Students taking longer than six years to graduate from high school is a sign a high school isn't doing its job, right? Well, not if the school is, like Bushwick Community, a transfer high school, where students arrive at age 17 or 18 with few credits, having failed at other high schools. If you don't get students until three or four years after they've started high school, and they've maybe completed one year of classes since, it's a pretty fair bet they'll take longer than six years total to graduate.
Powell writes that:
To sit with a dozen of the students at a community center not far from the high school was to watch as one girl nursed a baby and another spoke of living with her child in a shelter. Two had been tossed out of their family homes. Another lived with her grandmother on Coney Island — she commutes one and a half hours each way to this high school in Bushwick. [...]
Yet the Education Department’s report card compares this school with other transfer schools, and gives it a 95 percent grade in improving student attendance, 90 percent for passing the English Regents exam and 100 percent for the math Regents.

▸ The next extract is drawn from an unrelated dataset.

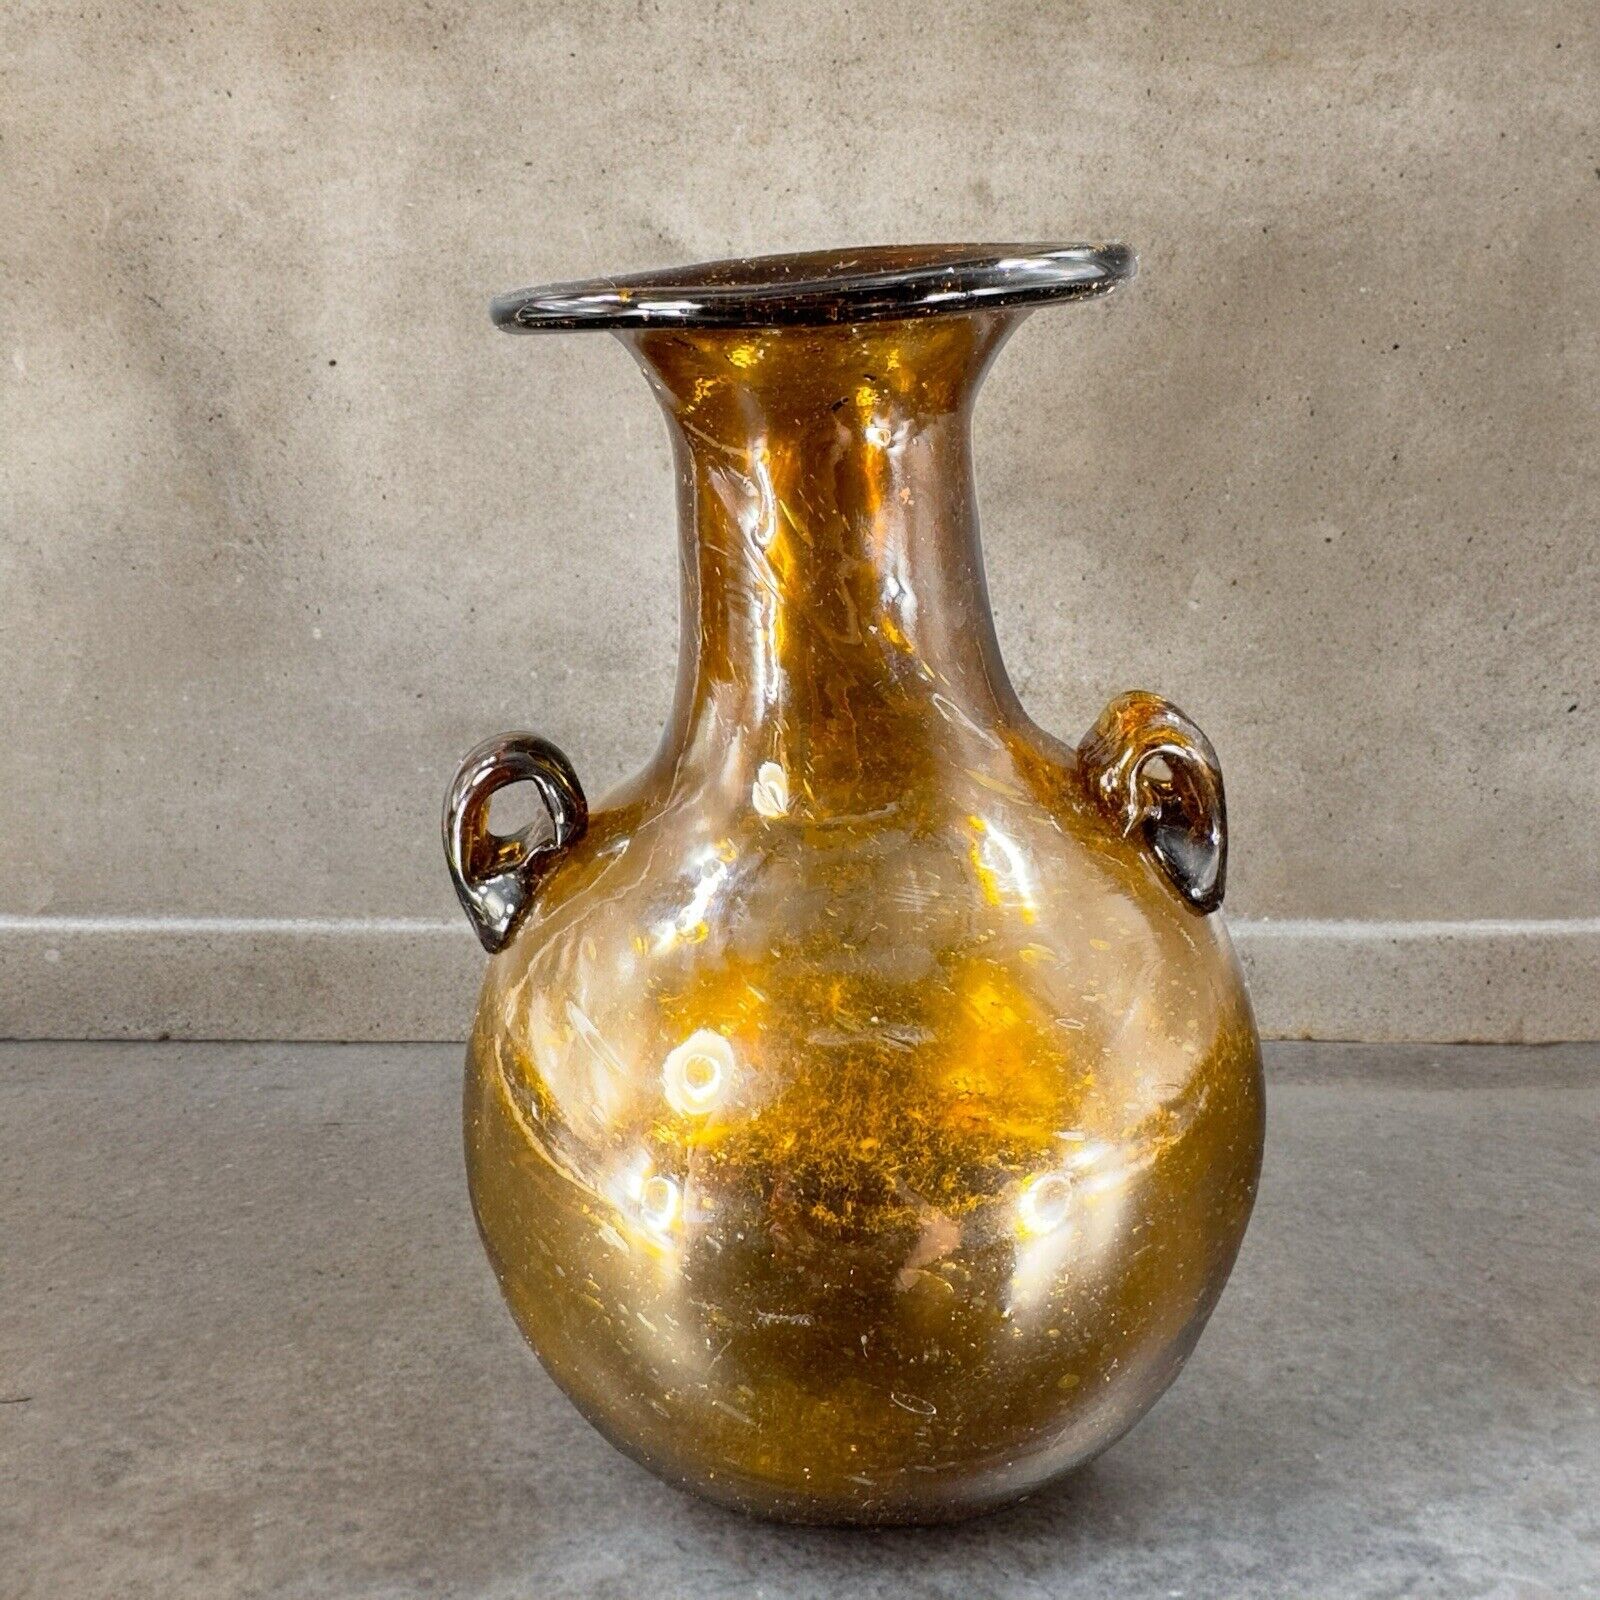 Vintage Egyptian Dark Amber Glass Vase Vessel Hand Blown With Handles Glass Vase

But Bloomberg's answer to this is firing half the teachers; his Education Department presents it as an opportunity for the lucky students who are going to lose the teachers who have done what no other teachers could, and taken them from failing to graduating, maybe college-bound:
“This really empowers them to take ownership of this school,” a department spokesman said. “What kind of change can they imagine?”
These students have already changed. They've gone from being surefire high school dropouts to being on track for graduation. Now they face losing the educators and support system that brought them to this point, because Michael Bloomberg apparently doesn't know what a second chance looks like.